▶ Collected data
★ ★ ★ ★

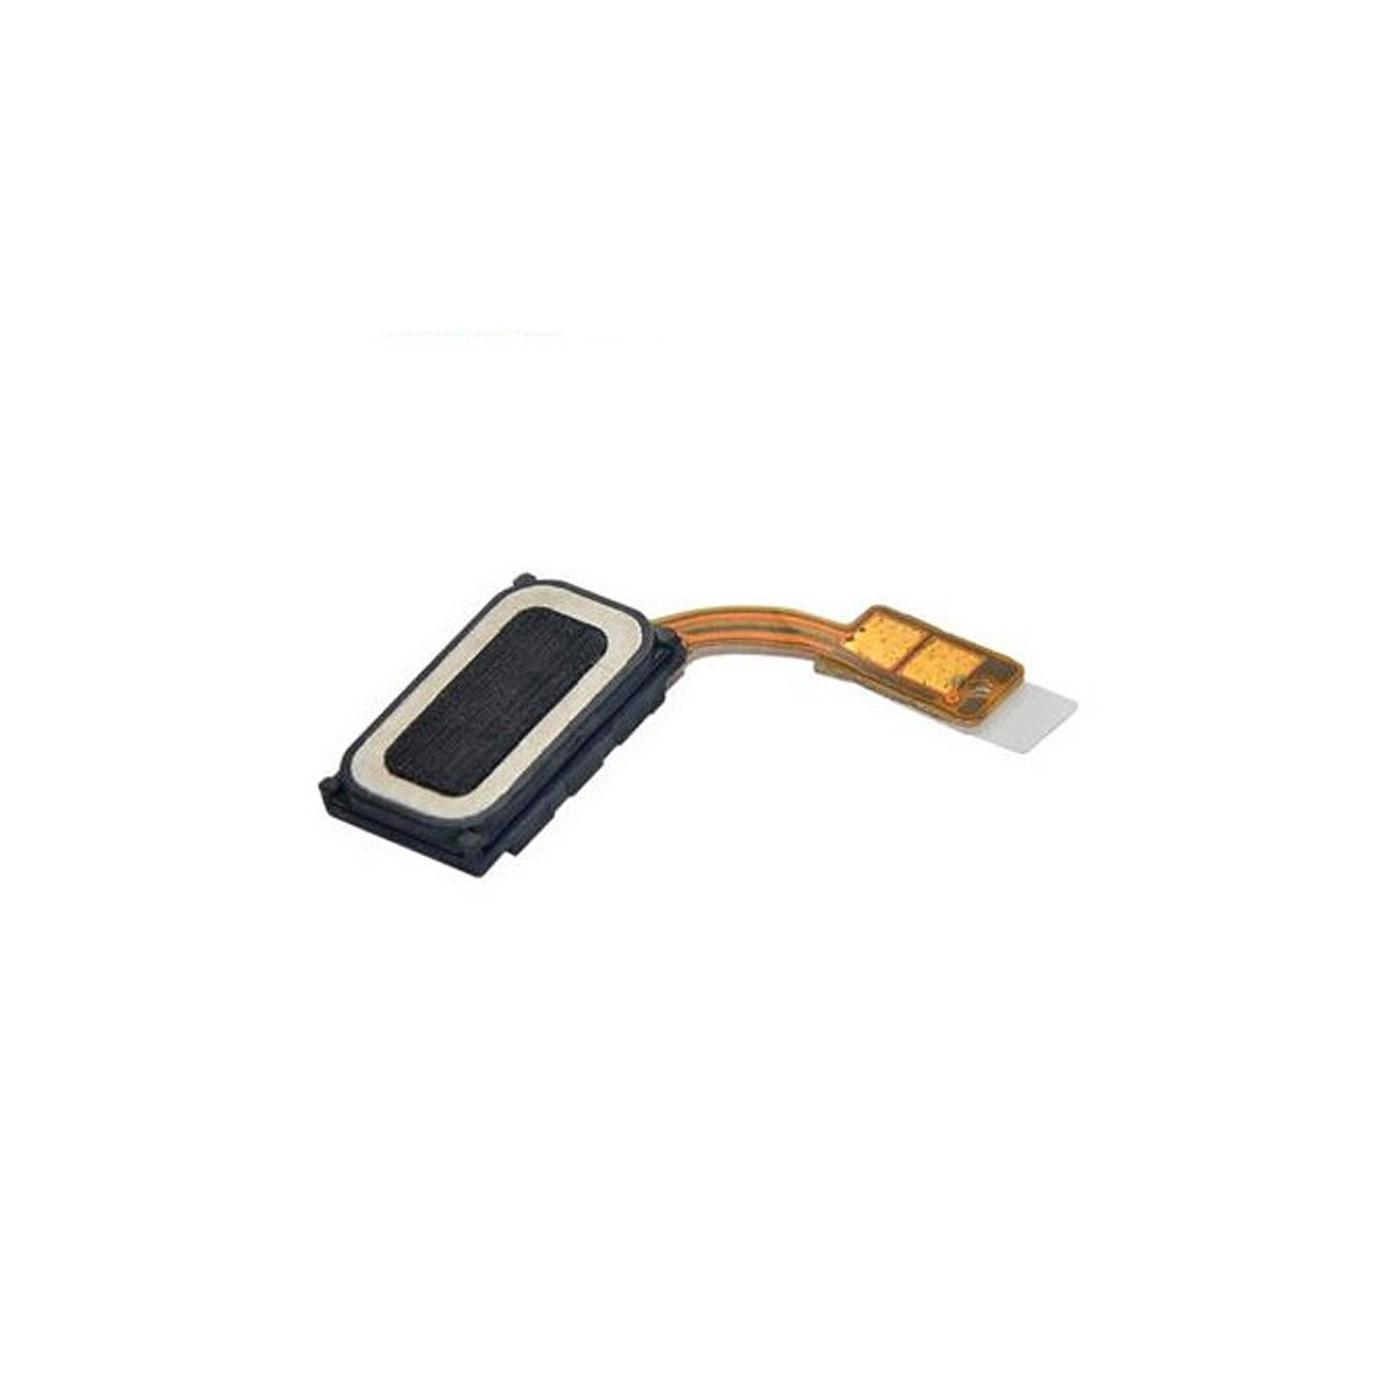 Ear Speaker for Samsung Galaxy S5 G900
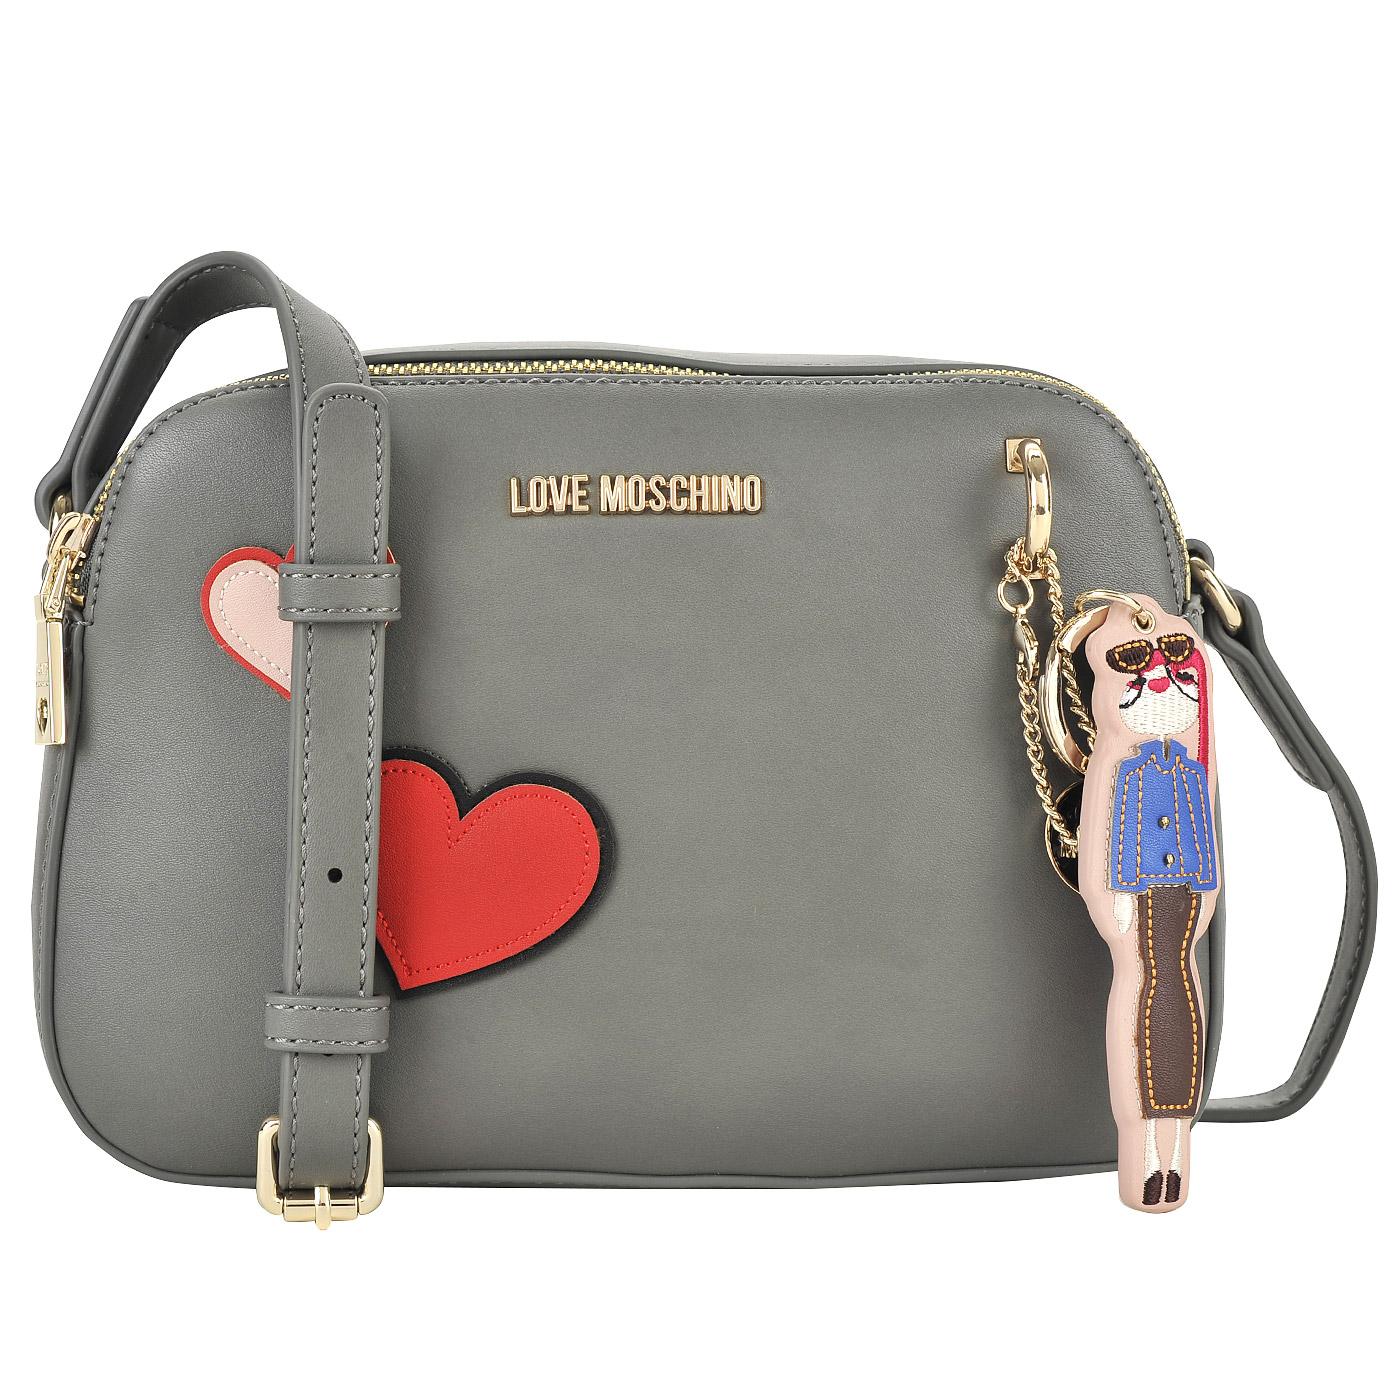 f38c5a67a61c Серая сумка кросс-боди с аппликацией и съемным брелоком Love Moschino Girls  and hearts ...
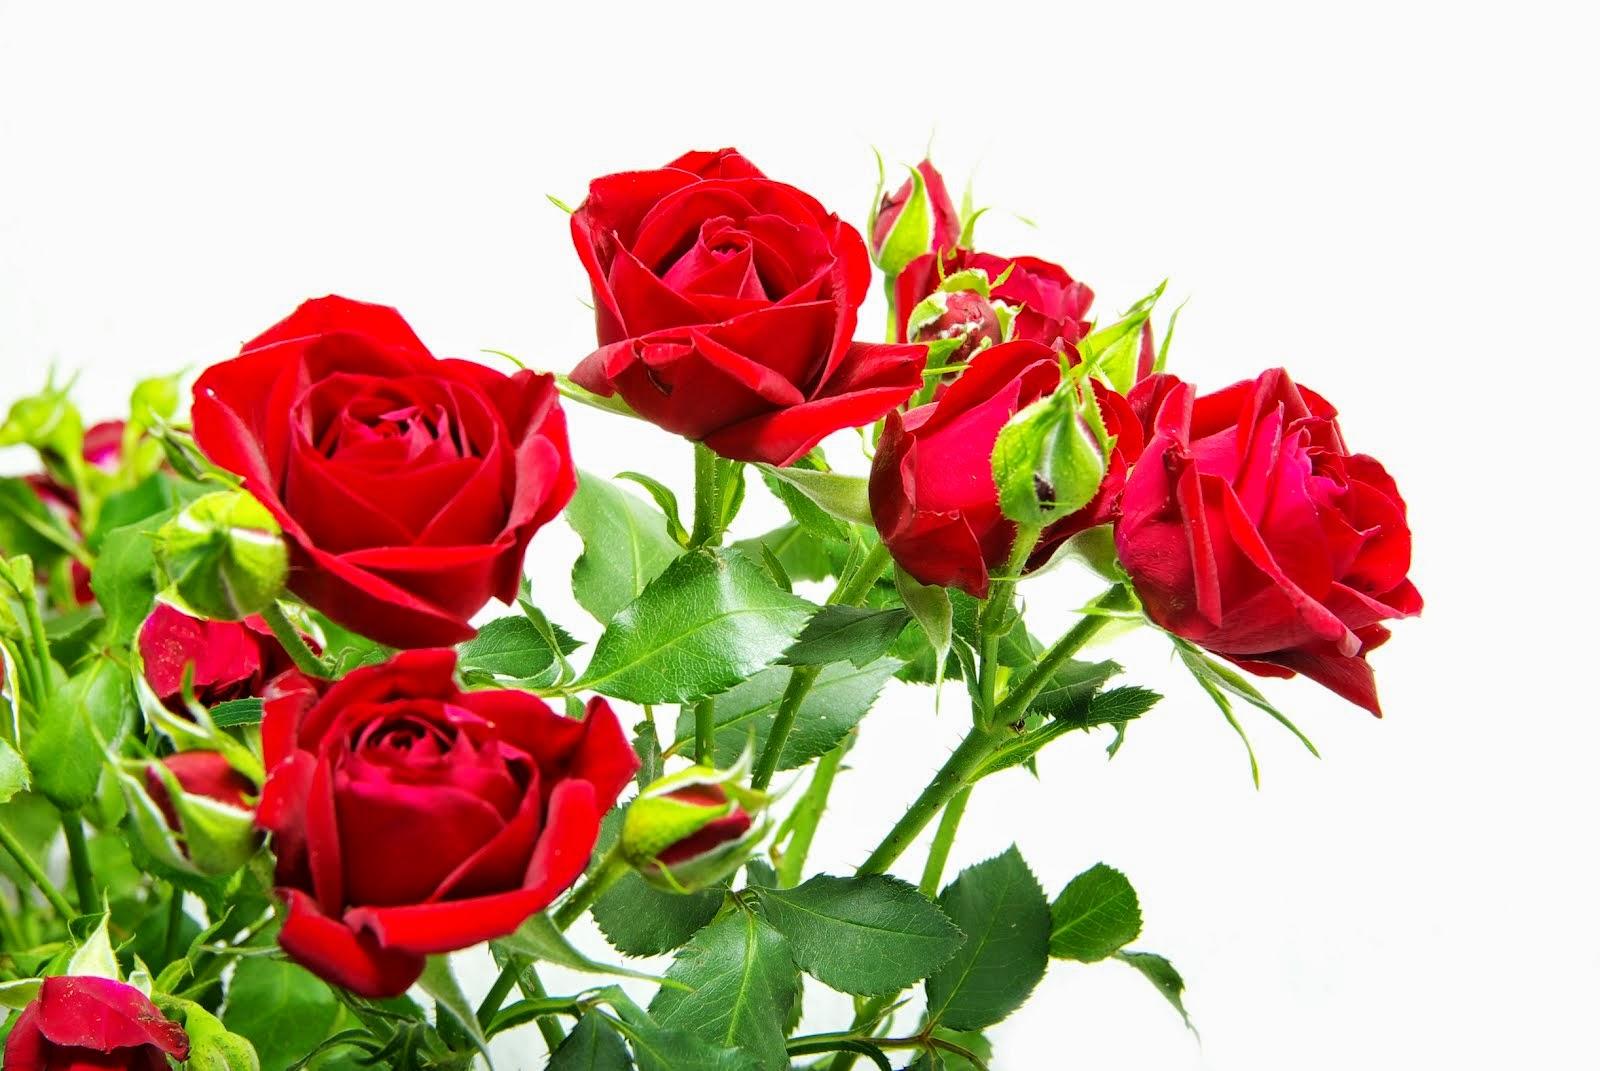 Flores Rojas, parte 3

★ ★ ★ ★

▶ Work request
Retype only the lines above from the one with "f38c5a67a61c Серая сумка" through the last, both ends included, keeping every picture out of the copy.

▶ Written solution
 f38c5a67a61c Серая сумка кросс-боди с аппликацией и съемным брелоком Love Moschino Girls  and hearts ...
 Flores Rojas, parte 3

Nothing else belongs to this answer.